Now for `pagerank` itself. Note that instead of choosing the original value of the page rank vector `p_rank` to have all entries set to $1/n$ we define `p_rank` to be a normalised positive random vector - i.e. containing random positive entries that add to one - so conforming with the power method approach. 

In [None]:
def pagerank(n,links,tol): 
    """
    Given input n representing n pages, a list of ordered pairs "links" representing
    links between pages, and a tolerance tol used to terminate the computation, 
    pagerank computes the n component vector of relative rank/importance of each page. 
    """
    d = 0.85                                    # d is the damping factor
    
    (A, B) = make_pagerank_matrices(n,links)    # A is the transtion matrix, B the "sink" matrix
    C = np.ones((n,n)) / n                      # C is the general teleporting matrix to deal with  
                                                # disconnected components 
    M = d * (A + B) + (1 - d) * C               # M is the n x n matrix used for updating the page rank vector. 
        
    p_rank = np.random.random((n,))             # Our original guess at the page rank is an n component 
    p_rank = p_rank / lag.norm(p_rank,1)        # vector with random positive entries. Normalised on this line
                                                # so that the entries add to 1.
        
    p_old = np.zeros((n,))                      # We also need a vector that stores that last iterate of p_rank
                                                # We set it to zero so that ||p_rank - p_old|| > tol to force the 
                                                # loop below to continue past the first step. 
            
    while (lag.norm(p_rank - p_old) > tol):     # Loop contines until the distance between two consecutive 
                                                # iterates is at most tol
        p_old = p_rank                          # p_old is updated to the previous value of p_rank
        p_rank = np.dot(M,p_old)                # p_rank is updated by multiplying its previous value by matrix M
        
    return p_rank

Now let's test our algorithm on the 5 page web described in Figure 1. First we need a list of the links. 

In [None]:
links = [(2,1),(4,1),(5,1),(1,2),(3,2),(4,3),(2,4),(3,5),(4,5)]

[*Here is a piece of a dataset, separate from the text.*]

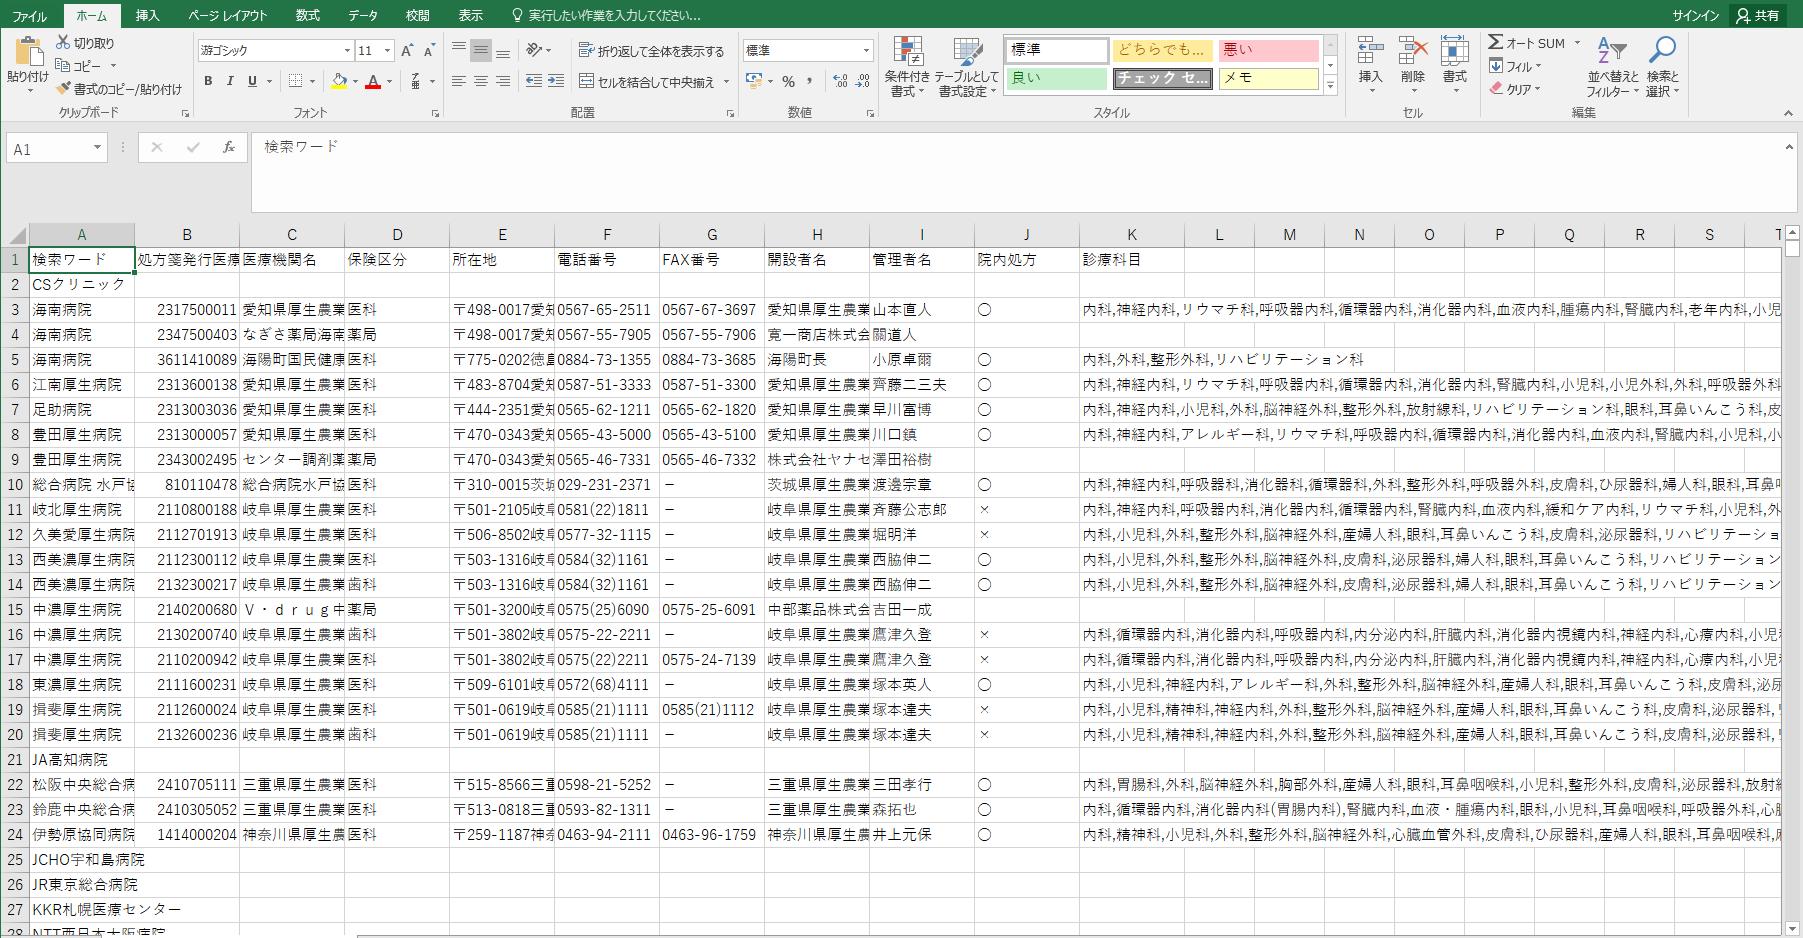 取得データ例
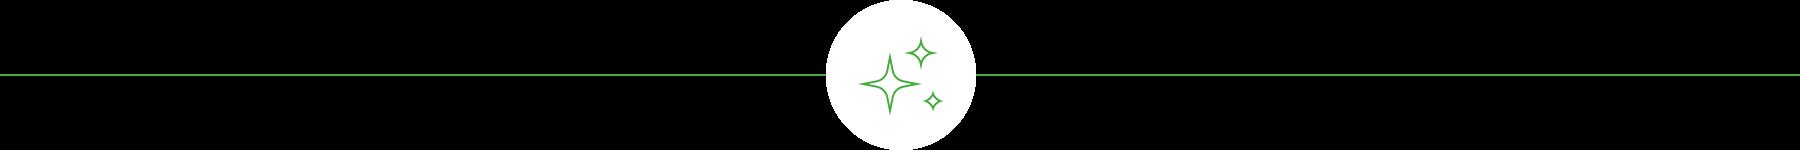 divider_sparkle.png

And we start by checking that `make_pagerank_matrices` works properly. 

In [None]:
(A,B) = make_pagerank_matrices(5,links)

In [None]:
np.set_printoptions(precision=2)
print("A = \n" + str(A) + "\n")
print("B = \n" + str(B))

Good. $A$ is indeed the transition matrix and $B$ is the zero matrix as there are no sinks. Now we apply `pagerank` itself. 

In [None]:
p_rank = pagerank(5,links,1e-08)

In [None]:
print(p_rank)

Now let's print out our results nicely. 

In [None]:
for i in range(len(p_rank)): 
    #print("Page " + str(i+1) + "has importance " + str(p_rank[i]))
    print("Page {} has importance {:.2f}".format(i+1,p_rank[i]))

So the pages ranked in terms of importance are  

1. Page 2,
2. Page 4, 
3. Page 3,
4. Page 1, 
5. Page 5.

This might surprise you, in that page 2 is ranked above page 4. However this does make sense when we  note that page 4 distributes all of its importance/rank to page 2 via a unique link.